UAE government donations to UNHCR approach $7.5m in 2017-2018

Since the onset of the Rohingya crisis last year, UNHCR has sent 16 emergency flights loaded with relief items to Southern Bangladesh. "Twelve of these flights came out of Dubai, and the UAE paid for the transportation costs of eight of them, valued between $1.5 - 2 million," according to the head of the UN Refugee Agency in the UAE.

"Last year, when we were setting up our presence in Southern Bangladesh, we had to fly 16 flights loaded with emergency relief items, including the most basic items you can imagine, such as plastic sheets to put over people’s heads and kitchen sets," Toby Harward, Head of the UNHCR Office in the UAE, told the Emirates News Agency (WAM), following the signing of a US$2,000,000 agreement provided by the UAE government to support emergency nutrition for Rohingya Refugees in Bangladesh.

The agreement brings to around $7.5 million the UAE government donations to UNHCR global operations in 2017 - 2018, including the humanitarian aid sent to the Rohingya refugees, who are suffering from "world’s fastest growing refugee crisis," the UNHCR official added.

"Most of these relief items sent to Southern Bangladesh came from our global stockpile in the International Humanitarian City in Dubai where 12 out of these 16 flights got their supplies. The UAE government paid for eight out of these 12 flights and covered their transportation costs, which amounts to between $1.5 - 2 million." Harward added.

"The enormous contributions provided by the UAE help us improve the nutritional status of 132,700 Rohingya refugees, 78 thousands of whom are women and children," he added, noting that the latest financial aid provided by the UAE comes just in the right time to help the refugees survive the monsoon season.

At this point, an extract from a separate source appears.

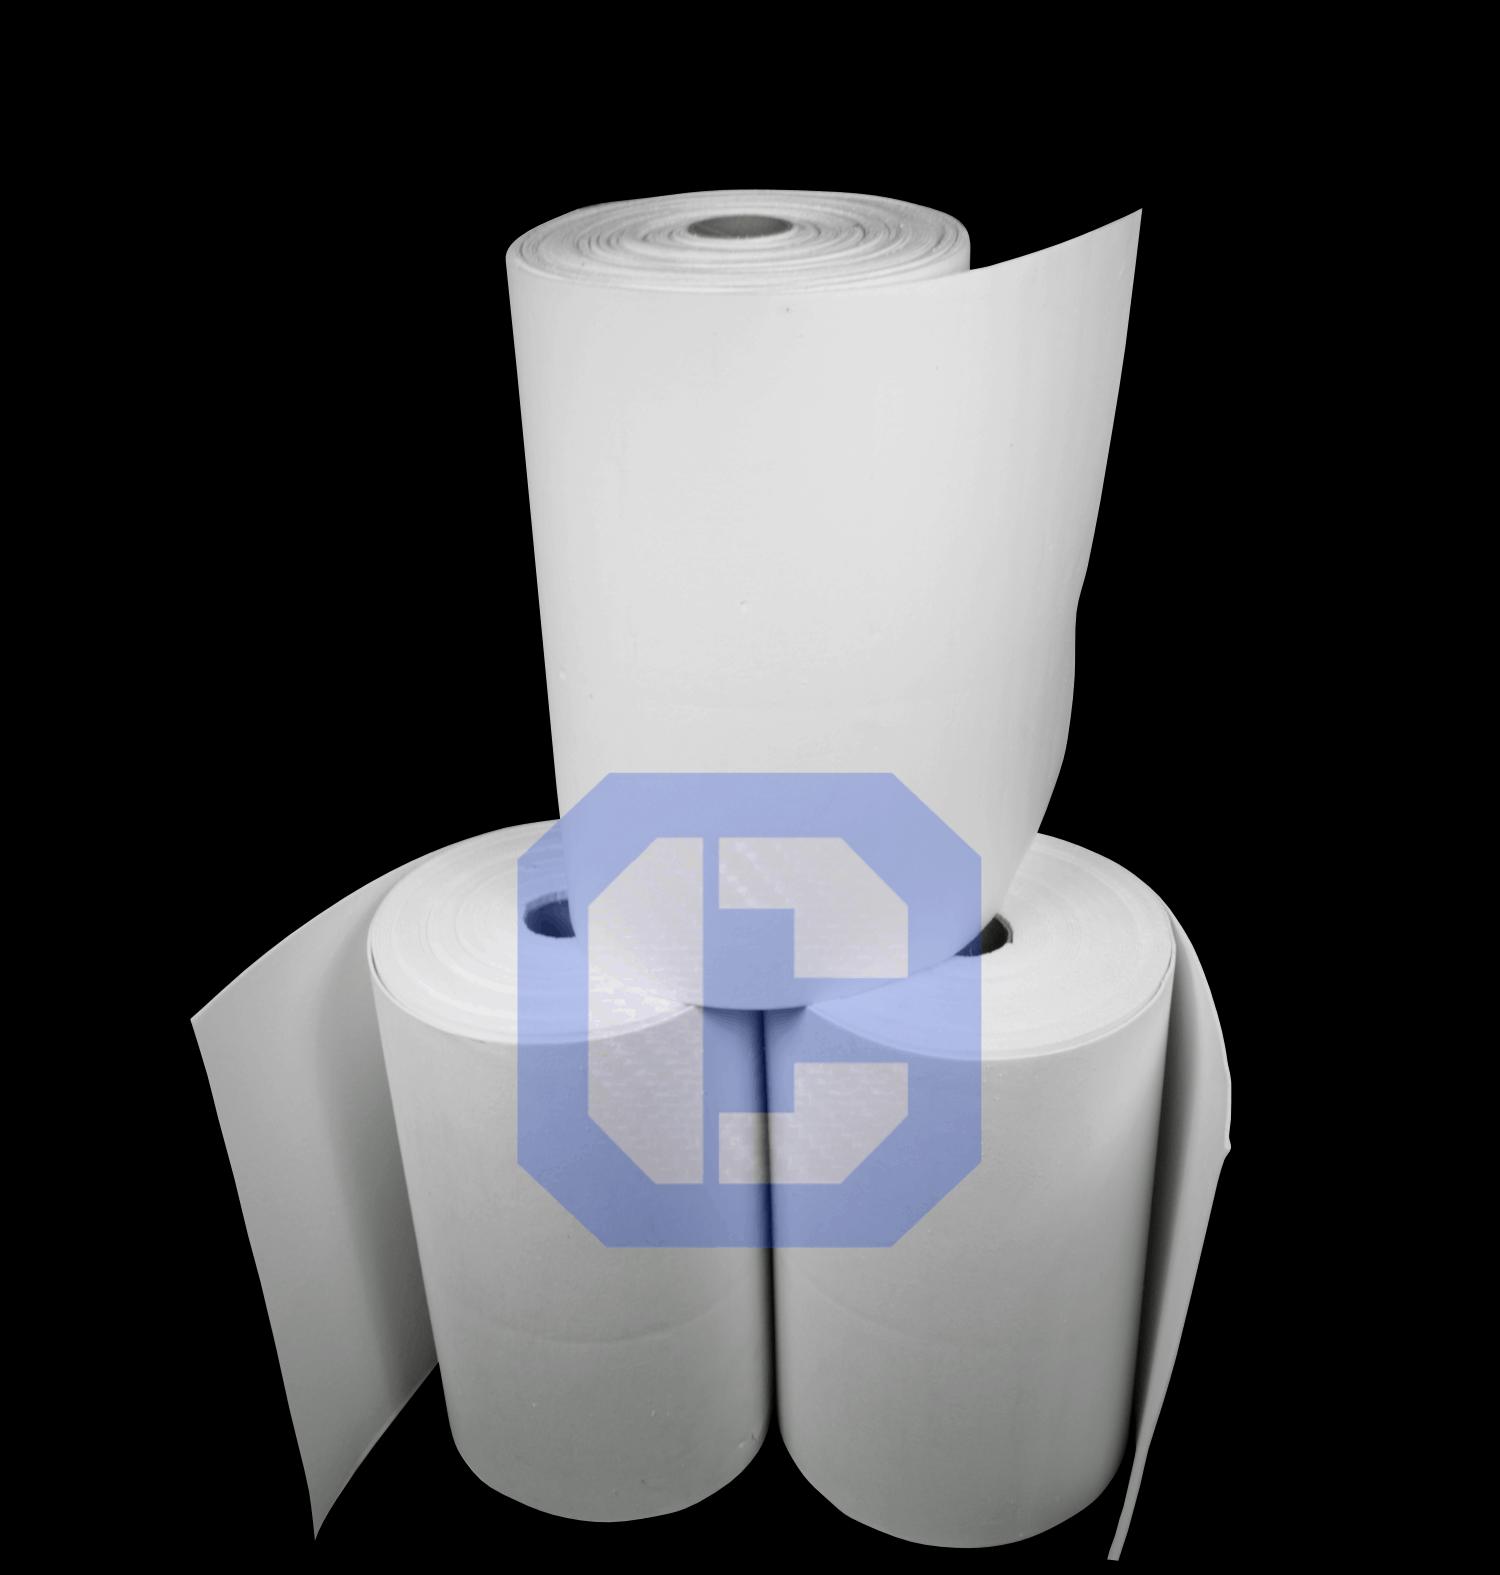 Ceramic Fiber Paper from CeraMaterials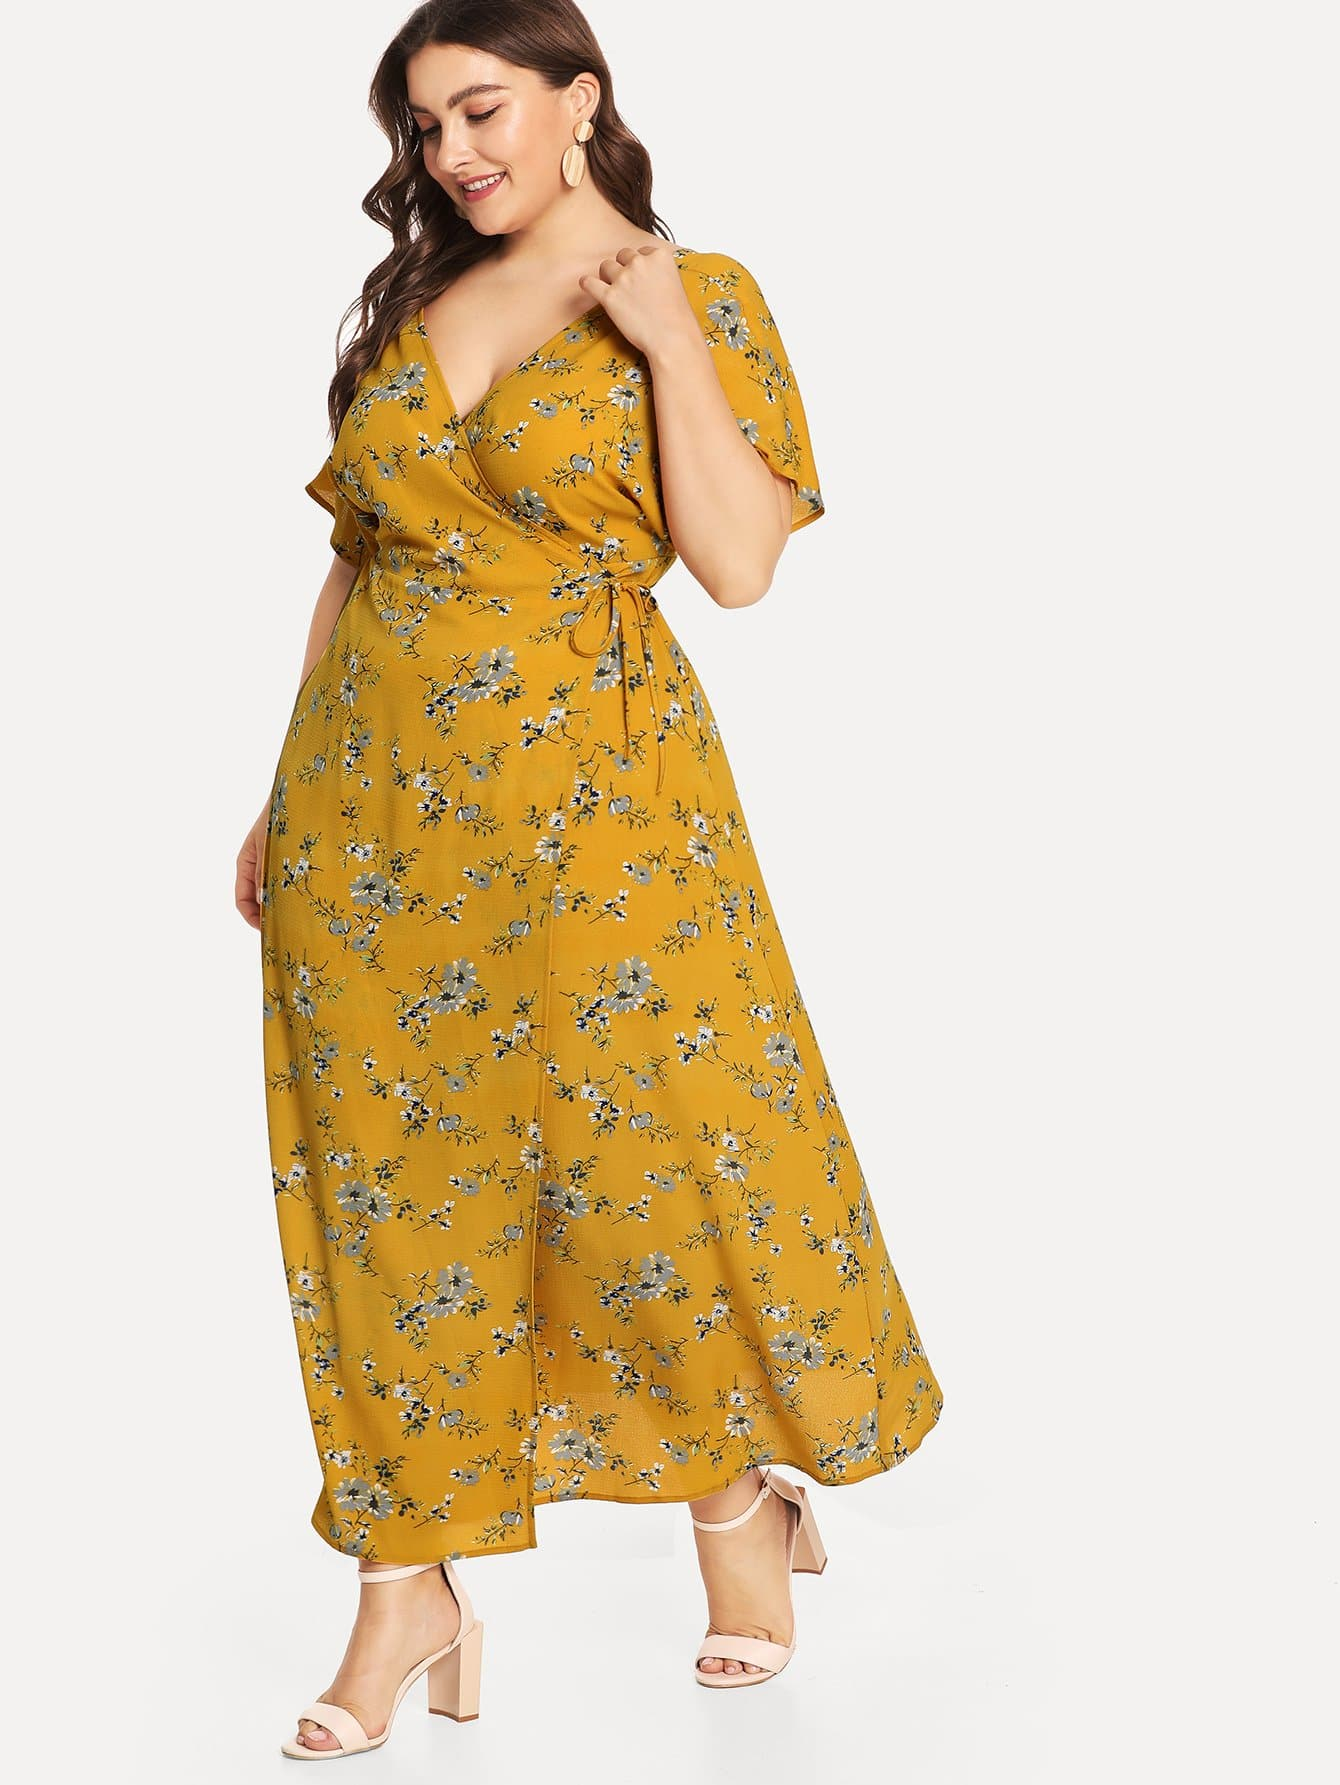 Купить Платье для печати с двойным V-образным вырезом, Franziska, SheIn

"Monsoon is causing chaos in Bangladesh and we are racing against the clock to ensure the refugees have sufficient nutrition and shelters before the monsoon which can easily wash away their shelters and latrines and creates dangerous diseases like cholera. In light of such huge needs and the desperate situation in southern Bangladesh, the UAE support will have a significant impact on ensuring the most vulnerable women and children will receive better treatment."

The money will help UNHCR prevent malnutrition through the development of adequate feeding programmes and the treatment of the children who are suffering from severe, to acute and moderate malnutrition. It will also be used in organising awareness sessions and group counselling and reduce the mortality and morbidity ratio between boys and girls as well as between pregnant and lactating women, according to Harward.

"Though the Syrian refugees crisis is the largest in the world, as their number reached some 5.5 million, while Rohingya refugees are around 870,000, yet the situation in Bangladesh constitutes the fastest growing crisis that started to aggravate in the last four months of 2017 which saw 671,000 new refugee arrivals in southern Bangladesh."

The support provided by the UAE for UNHCR operations is not confined to the government sector, as private sector entities have been a significant contributor as well, according to the international official.

He lauded the support provided by both HRH Princess Haya bint Al Hussein, Wife of His Highness Sheikh Mohammed bin Rashid Al Maktoum, Vice President and Prime Minister of the UAE and Ruler of Dubai, and chairperson of the International Humanitarian City, who financed shipment of tents, blankets and mobile kitchens, and H.H. Sheikha Jawaher bint Mohammed Al Qasimi, Wife of H.H. the Ruler of Sharjah, and Chairperson of the Big Heart Foundation, who, he said, is the UNHCR Eminent Advocate for Refugee Children and key contributor to the Rohingya crisis.

"Sheikha Jawaher is a key contributor to the Rohingya crisis and through the Big Heart Foundation we have supported refugees in a number of countries, like Turkey and Egypt."

"Dubai and Abu Dhabi are important locations for our private sector operations because so many big international organisations in MENA region are based here in the UAE because it is a good place to do business. So, it’s a very important place for us to do as much advocacy with the private sector as possible to get private sector to support our humanitarian response. So whether it is just a matter of fund-raising or finding a niche for private sector to support by, for example, convincing some companies to employ refugees, we seek to engage the private sector to support their governments in meeting refugees' needs."

"However," he continued, "the huge scale of the displacement crisis requires new solutions to share responsibility and ease the burden on refugees around the world. Our current requirements for the Rohingya crisis amount to $233 million and out of this we only received 11 percent until the end of the last month."

Harward referred to the great support provided by Saudi Arabia and UAE to the Yemen Humanitarian Fund last month. He also lauded the support lent by the UAE for the Syrian refugees in Zaatari camp since the beginning of their crisis, including the establishment of a sewerage network worth $4.5 million (in 2015) and the food, education and health services. In addition, the UAE runs the Mrajeeb al Fhood refugee camp in Jordan, which hosts some 7,000 Syrian refugees.